Blue Flower

 

 Paniqués, de nombreux migrants indiens ont décidé de partir du Cachemire et regagner leurs villes d'origine après plusieurs meurtres de travailleurs venus d'autres États. Ici, dans la station de train de la capitale Srinagar, le 18 octobre 2021.

Paniqués, de nombreux migrants indiens ont décidé de partir du Cachemire et regagner leurs villes d'origine après plusieurs meurtres de travailleurs venus d'autres États. Ici, dans la station de train de la capitale Srinagar,
le 18 octobre 2021. © Danish Ismail, Reuters

 

Au moins quatre civils ont été assassinés dans la région indienne du Cachemire entre samedi 16 et dimanche 17 octobre.

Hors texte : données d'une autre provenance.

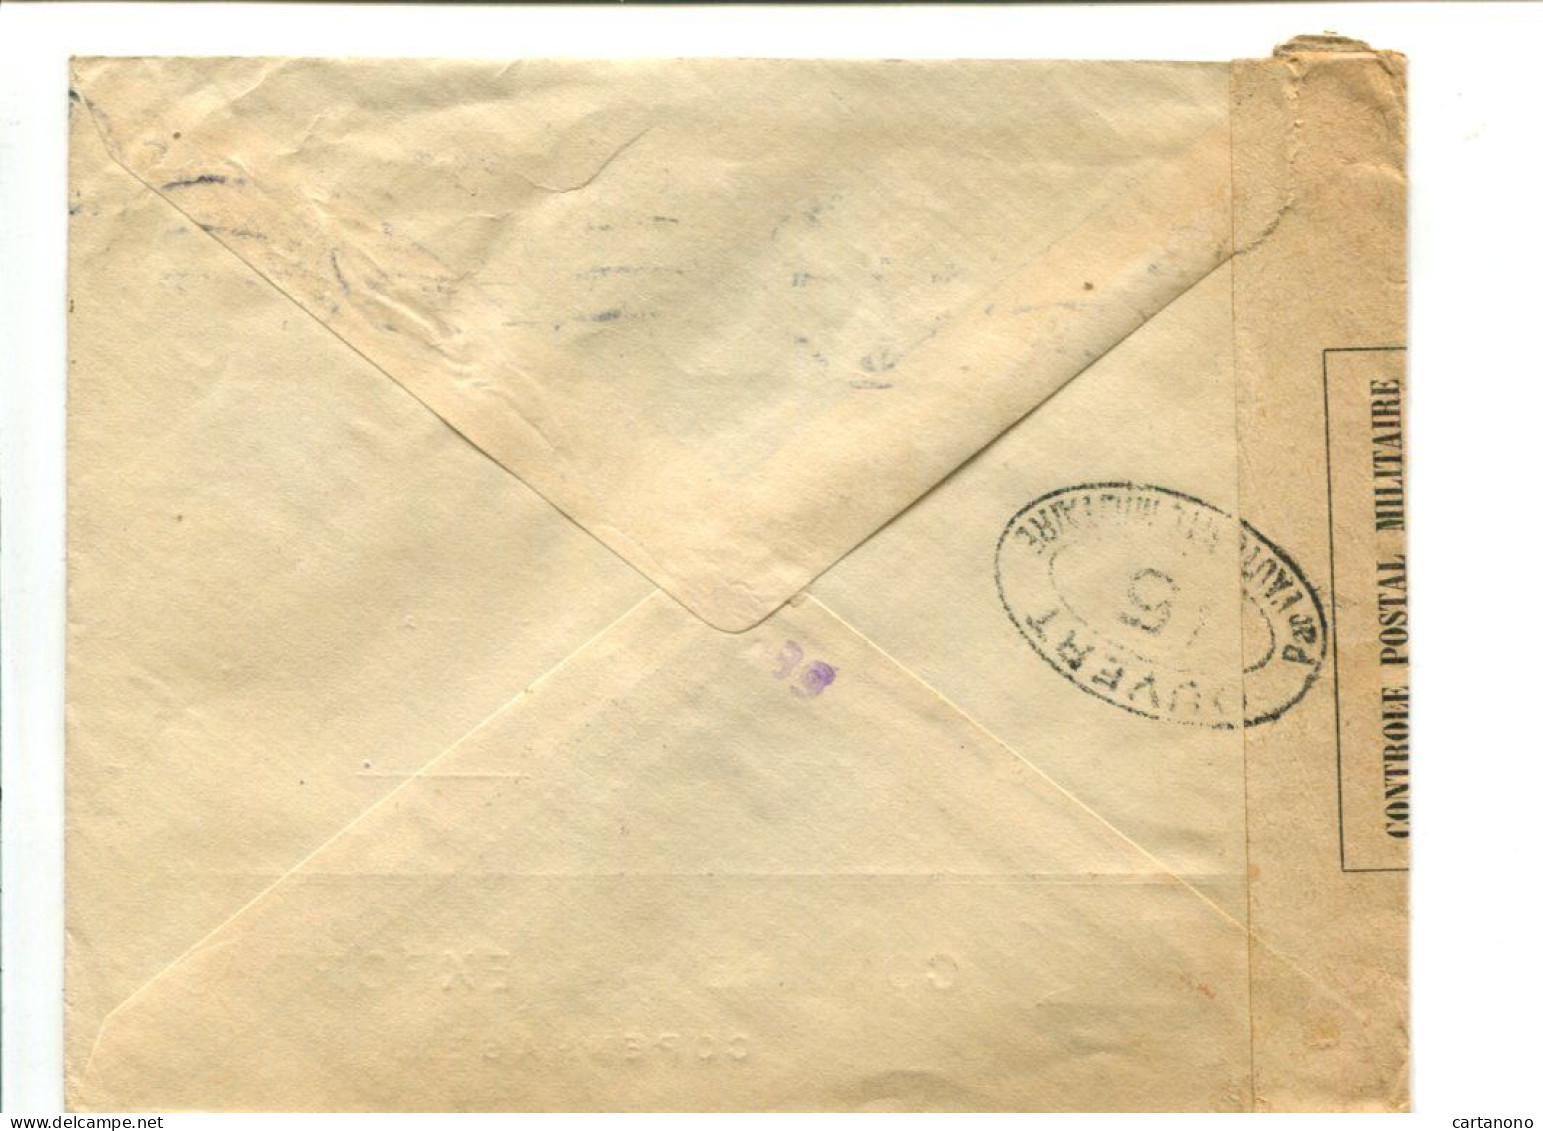 Danemark 1918 Affranchissement Seul Sur Lettre Pour Lyon Avec Censure - Continental Export A/s Copenhagen - Covers & Documents
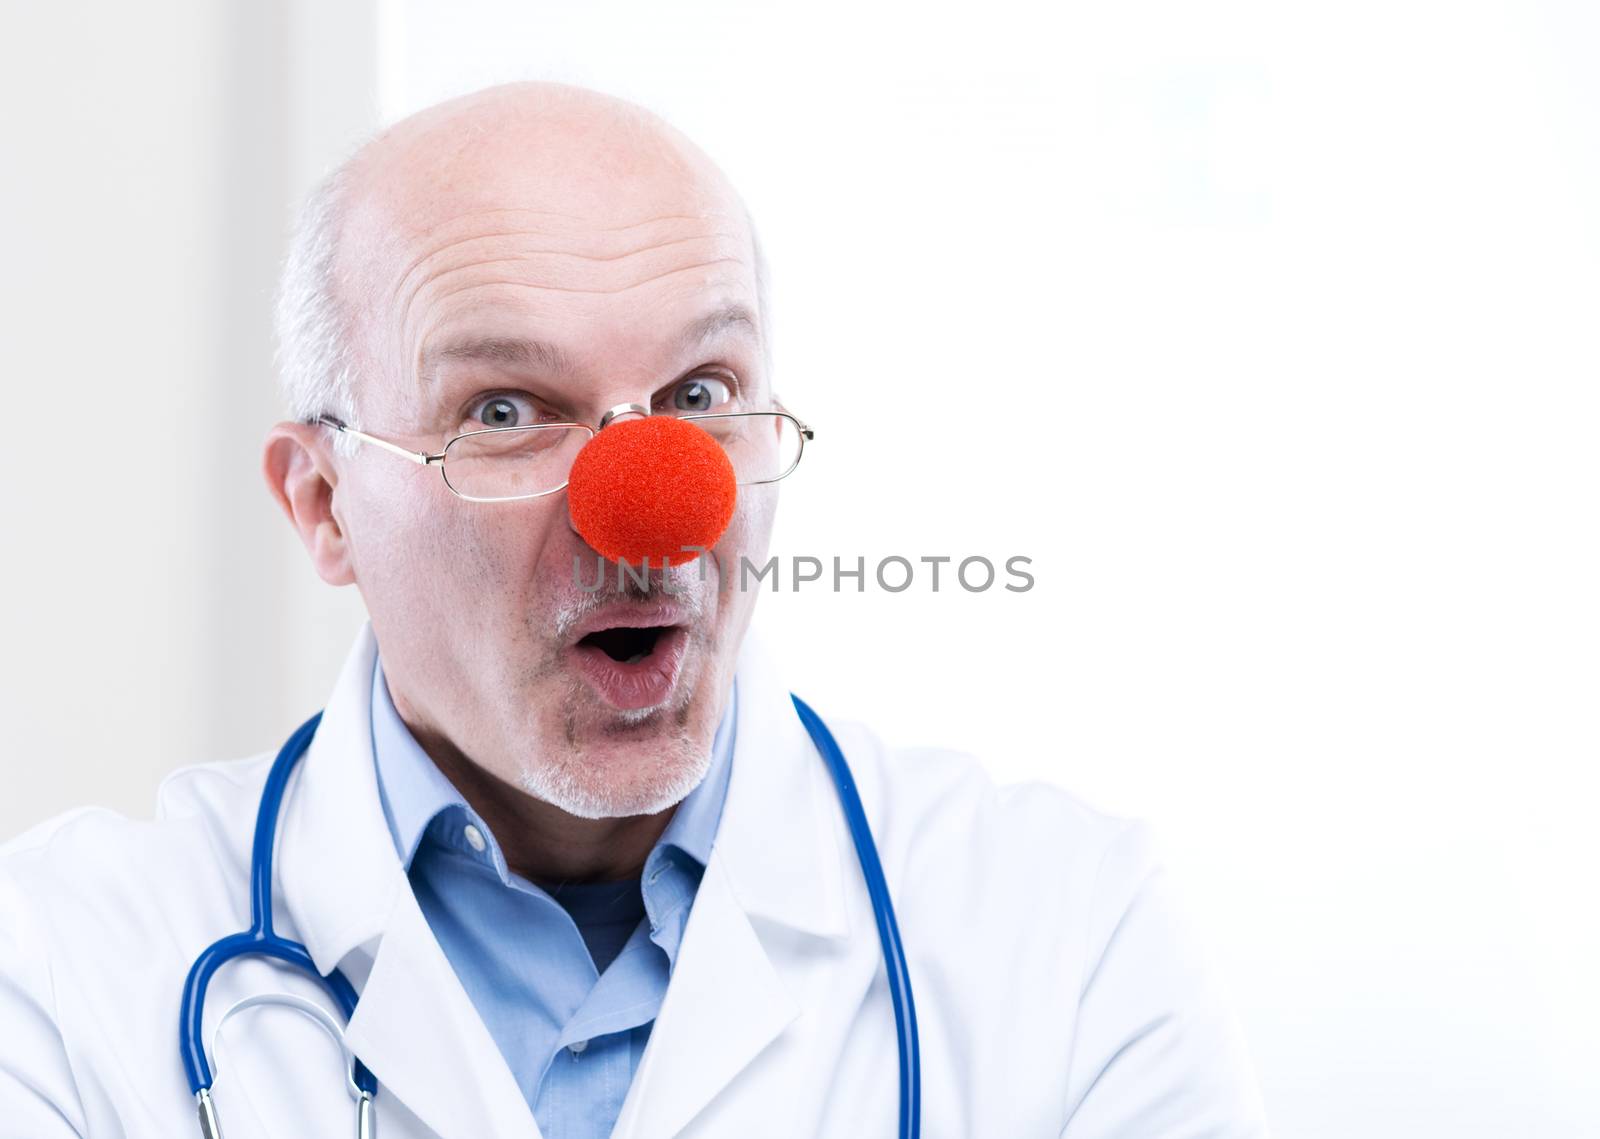 Clown doctor by stokkete

Des travailleurs modestes ciblés par des indépendantistes car ils viennent de l’extérieur de cet État dont la gestion a été reprise de force par New Delhi. Les morts ont entraîné une certaine panique au Cachemire, ainsi que dans les régions d'origine des travailleurs.

Dans le sud du Cachemire, des hommes munis d’armes à feu sont arrivés ce dimanche dans une résidence d’ouvriers contractuels et ont abattu deux hommes. La veille, c’est dans la capitale locale, Srinagar, et dans une autre ville du sud qu’un ouvrier et un vendeur de rue ont été assassinés.

À chaque fois, les meurtriers visaient des travailleurs qui viennent de l’extérieur de l’État, en l’occurrence des régions du Bihar et de l’Uttar Pradesh. En deux semaines, ce sont ainsi 11 civils non cachemiris qui ont été abattus.

 

« Front de la résistance »

Les premières attaques ont été revendiqués par un nouveau groupe appelé le Front de la résistance, sous prétexte que ces personnes auraient été des « informateurs de la police » ou des « agents hindouistes ».

Cela arrive dans un contexte où le gouvernement nationaliste hindou, qui a violemment abrogé l’autonomie du Cachemire en 2019, cherche à faciliter l’installation de populations non cachemiries, et particulièrement d’hindous, dans cette région à majorité musulmane.